The next section is much more heightened. There are dream sequences, and dream imagery. The passage of time becomes obscured. Everything begins to feel more metaphorical, even allegorical. The man takes the woman to his apartment to rest while he goes to work, and then refuses to let her leave. One night he comes home drunk and lunges at her, and she kicks his eye out. There is a shot with the woman terrified, clinging to the wall as the man writhes in pain on the floor beneath her, grasping his eye as black blood seeps through his fingers. If the first segment is a few decades ahead of it's time, this feels a few decades ahead of that. In the morning he doesn't remember what happened, later when he finds out, he isn't angry. The movie plays with our sympathies here in odd ways. The man is so pathetic, so pitiable, and the woman feels much more remorseful than he does. This is a trick of the movies, in the logic of the plot this man has kept this woman a prisoner for several weeks (months?) and intellectually we understand that he is a monster, but what we've actually seen and experienced is him keeping a woman prisoner for several minutes and losing an eye in the process, and the woman is far more regretful and guilt ridden than he is. It's disturbing, and challenging, and insightful. It's a deconstruction of story tropes that hadn't really been established yet. To put it in context, this movie was released a year after Psycho a full four years before William Wyler’s The Collector. The closest this era usually got to this sort of relationship was with something like Creature From The Black Lagoon, this degree of realism and empathy and honesty was virtually unheard of.

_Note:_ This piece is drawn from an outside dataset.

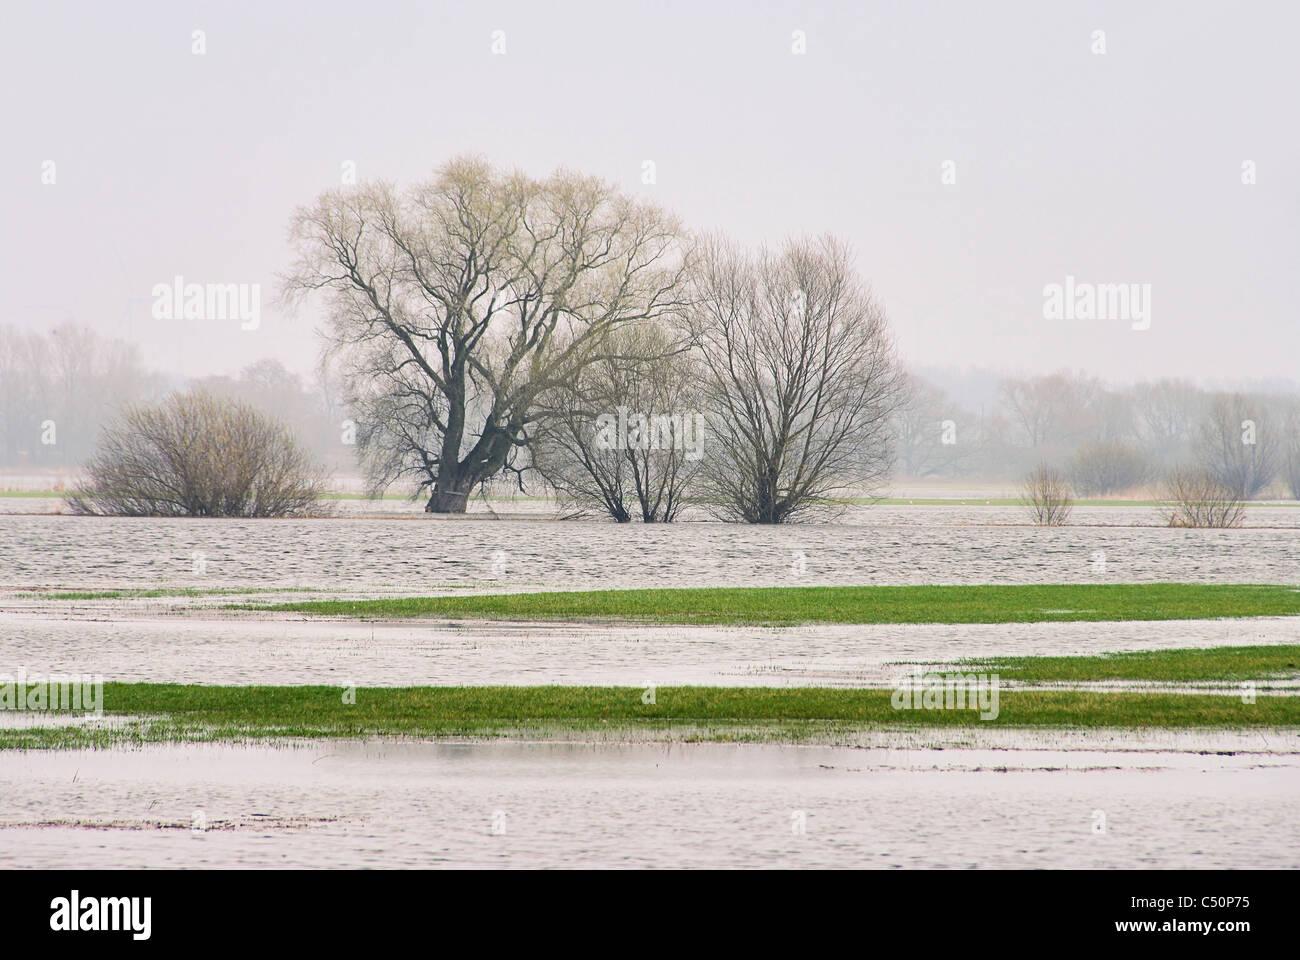 Elbe Hochwasser - river Elbe flood 01 - Stock Image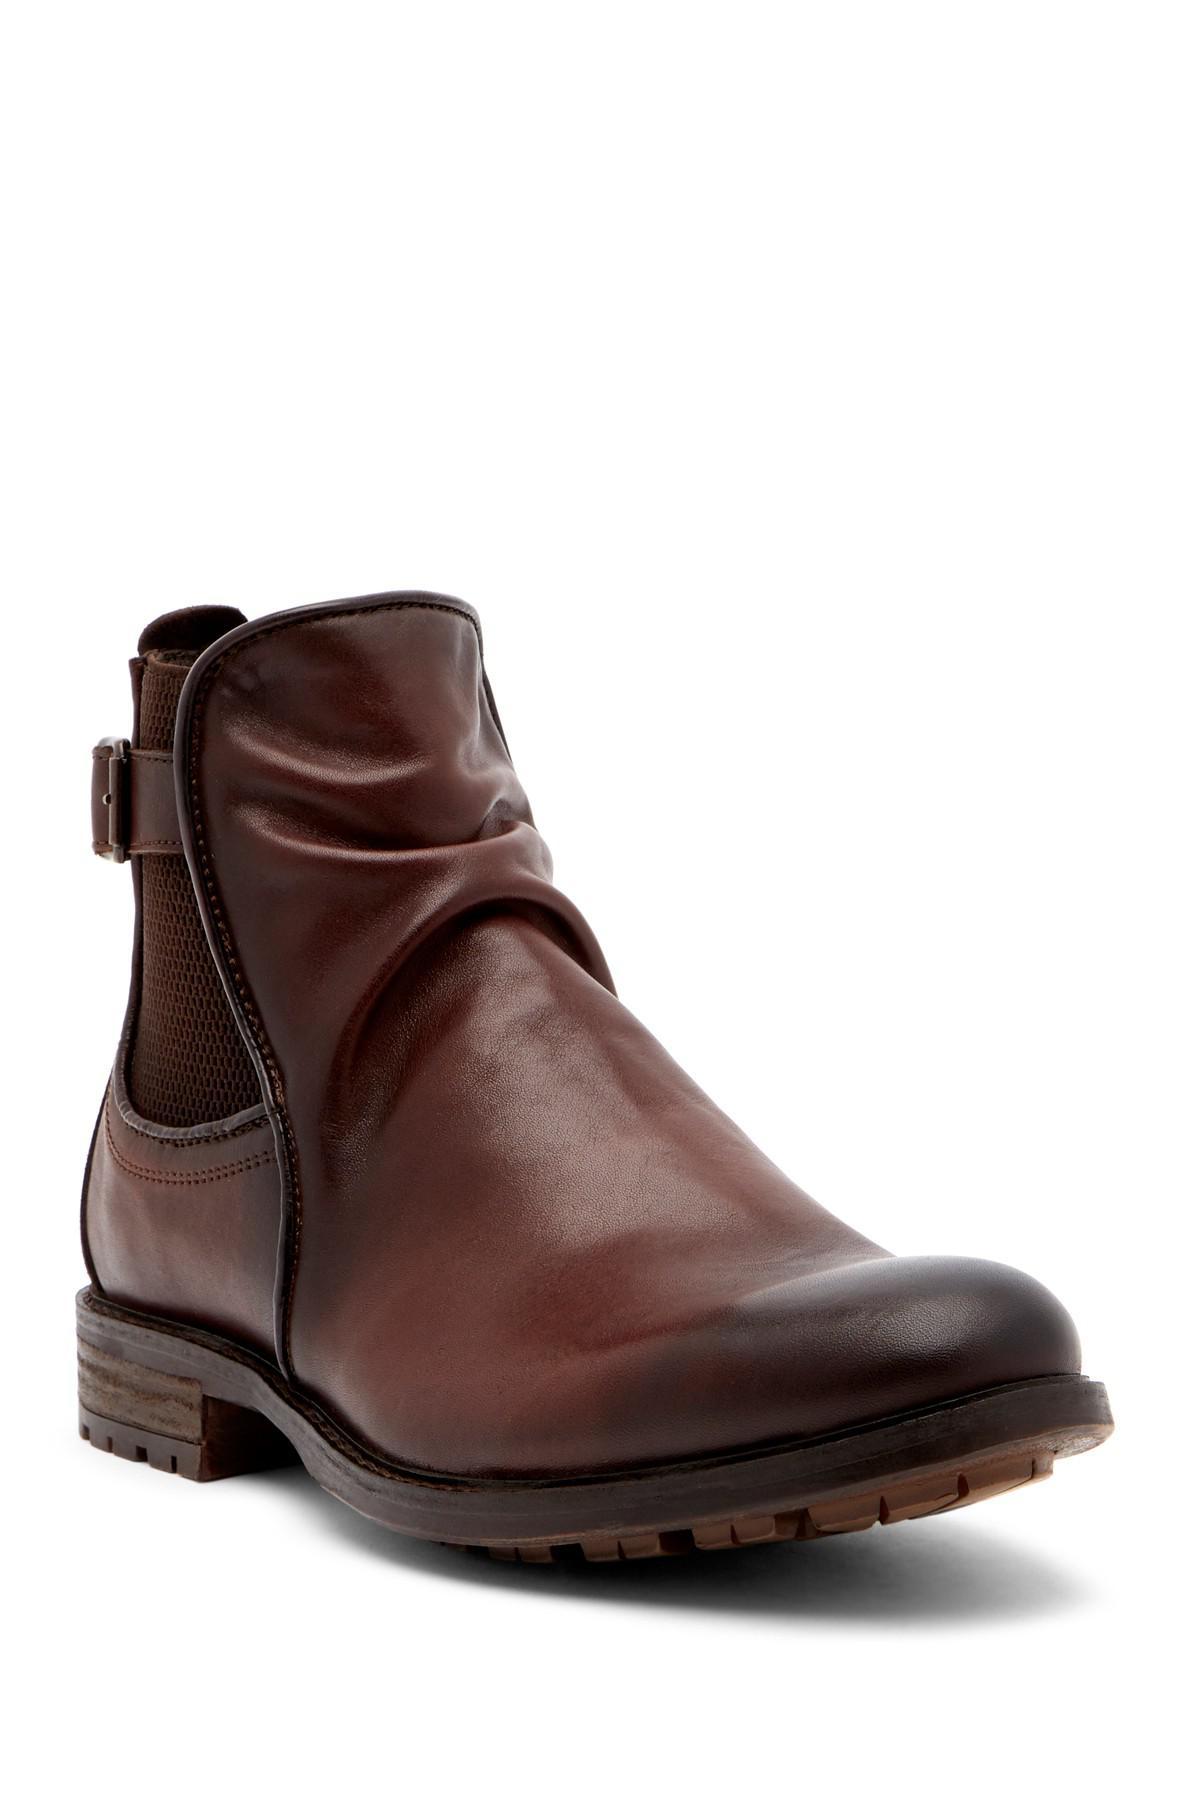 72944d6d7ba Lyst - Steve Madden Loren Leather Boot in Brown for Men

And then there's the ending. The woman escapes, and then returns and accepts the man’s marriage proposal. This isn't played as a happy ending, the final scene involves the couple visiting the woman’s mother as she seems to realize the scope of the tragedy her daughter has suffered through although no one is able to articulate anything or offer any comfort, but it's still such an odd choice that I can't really square it with the rest of the film. When Tie Me Up, Tie Me Down utilized a similar ending, it was a prank. A joke on genre conventions and moral sensibilities and a piece of transgressive cynicism at the end of a movie that was half comedy the whole way through. Here it follows a hard drama and feels heavy and cruel.
Carroll Baker plays the woman (she had previously starred in Baby Doll one of the most famous movies to challenge the Production Code) and it's an incredible performance. I described the character as flat and deadend, and that could easily suggest a wooden performance, but Baker manages to give her a complete inner life even as the character is unable emote. And she conveys a strong enough sense of her personality in the brief (I think fewer than two sentences) time before the rape that we understand the degree to which this woman has changed. Very impressive work, and completely holds the movie together.